Viljar pisze:@Morowy, pozwolę sobie na małe sprostowanie. Gdyby patrzeć wyłącznie na instynkty, to kobiety mają dwie strategie: "portfela" i "atrakcyjności". Pierwsza przeważa w wypadku poszukiwania męża (czyli kogoś, kto zaspokoi potrzeby rodziny) a druga - w przypadku poszukiwania ojca (zwiększone prawdopodobieństwo, że potomek sobie poradzi).

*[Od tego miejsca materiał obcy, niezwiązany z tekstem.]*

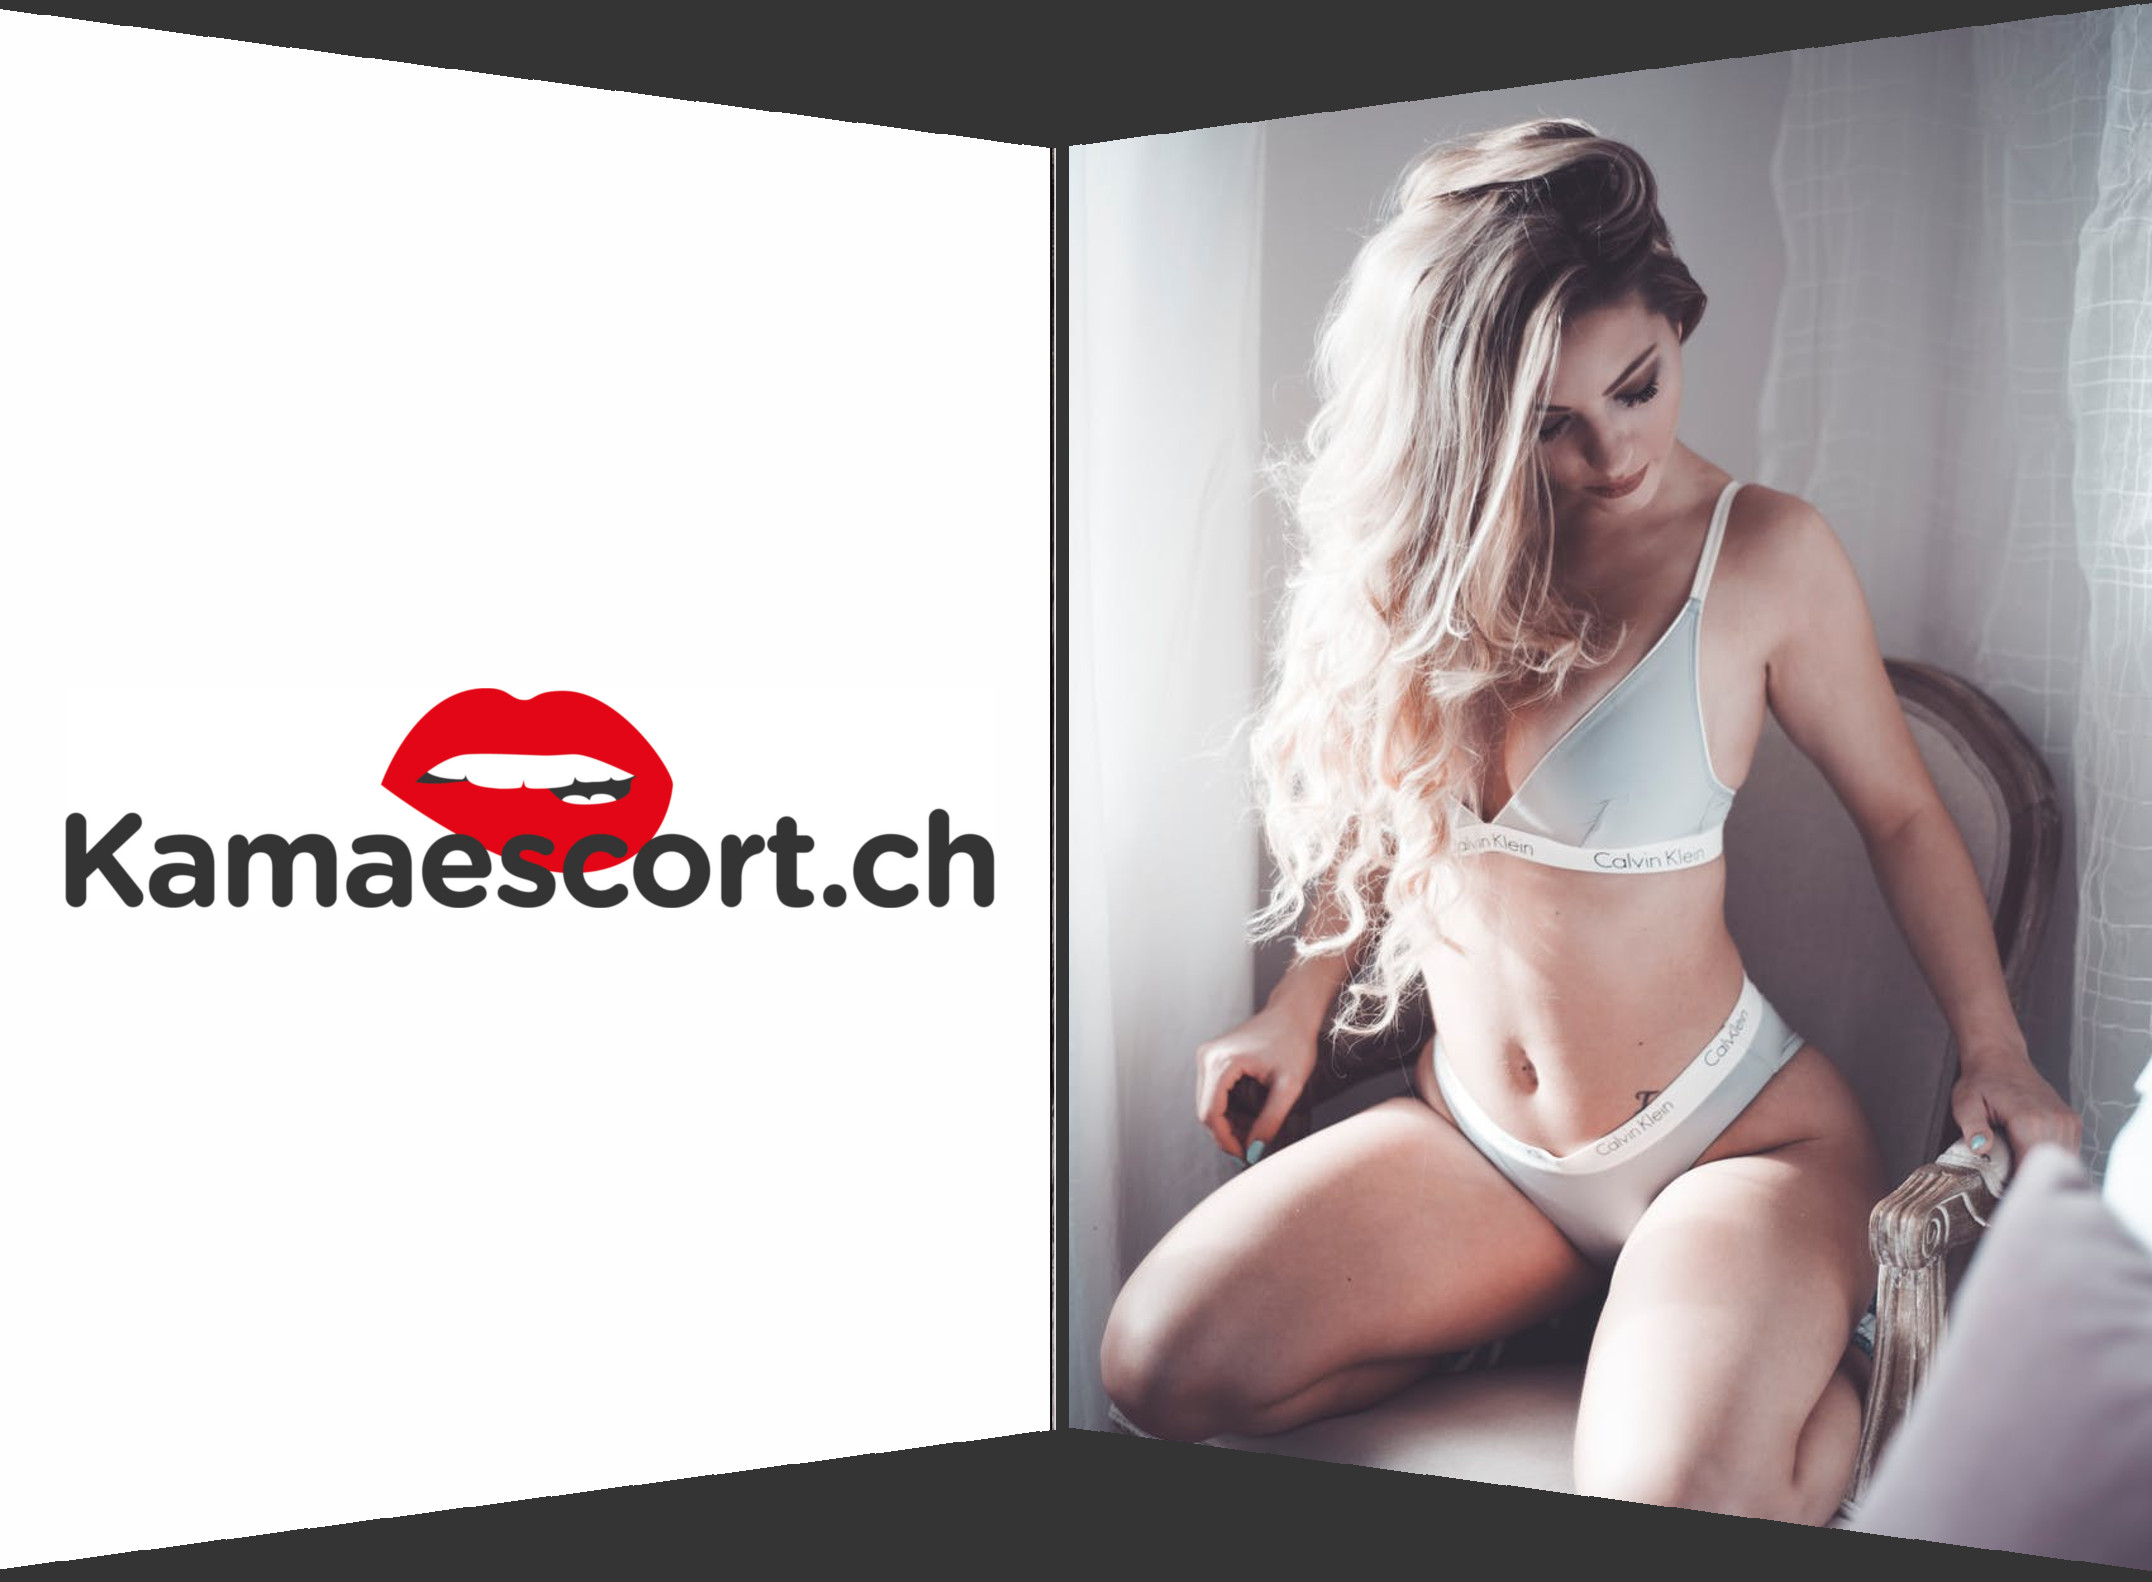 Escort girl législation suisse, services de masseuse bien-être
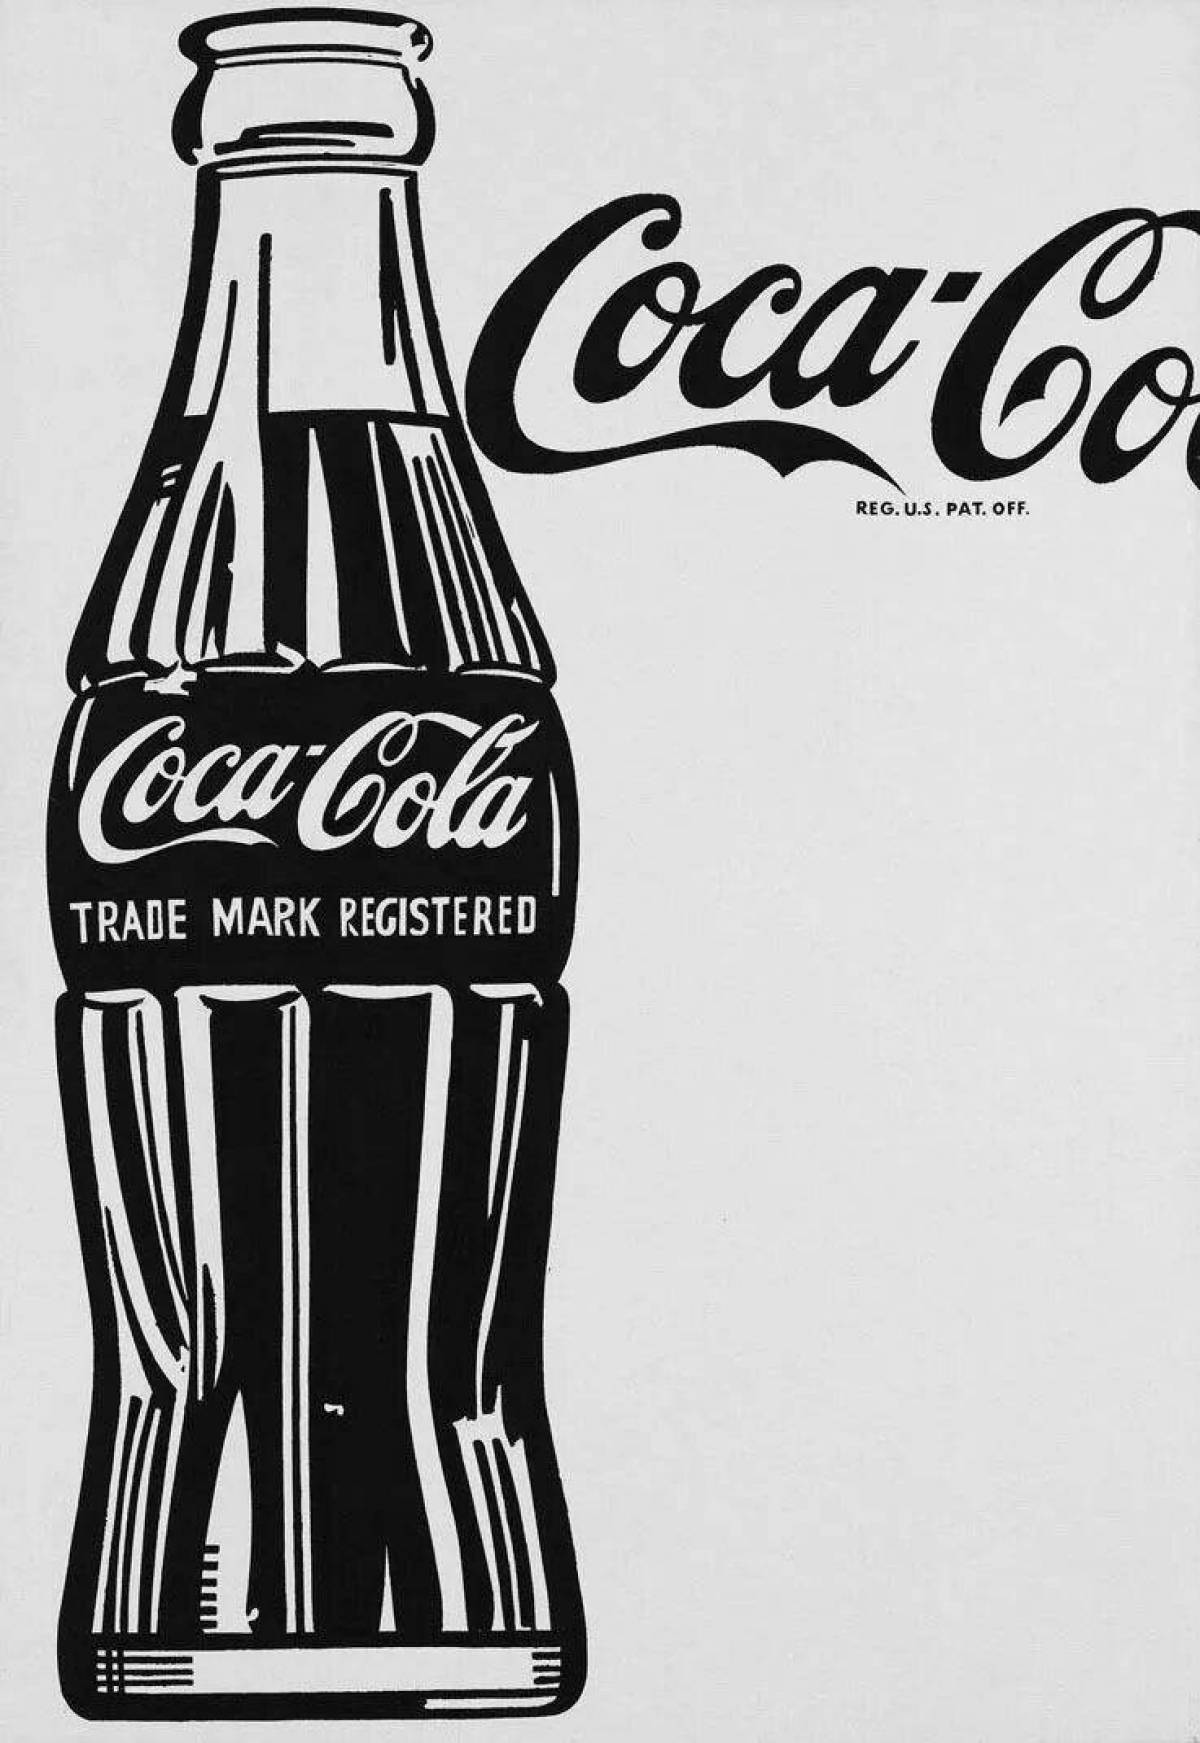 Coloring book shining Coca-Cola

Tak, ale ja wrzuciłem to do jednego wora pisząc o "jakości partnerów" w przypadku kobiet. Zresztą partner z grubym portfelem, to często w obecnych czasach potencjalny dawca dobrych genów, czyli takich, które pozwalają świetnie sobie radzić w dzisiejszym środowisku (nie)naturalnym :wink:
Viljar pisze:Podobno w UK 10% dzieci ma za ojca kogoś innego, niż męża matki. U Amiszów współczynnik ten jest najmniejszy - tylko w wypadku jednego dziecka na 20 ojcem nie jest mąż, na co wpływ ma niezwykle rygorystyczny system zasad moralnych. Myślę, że gdyby w Polsce wprowadzić obowiązkowe badania genetyczne, to wielu panów byłoby zdumionych.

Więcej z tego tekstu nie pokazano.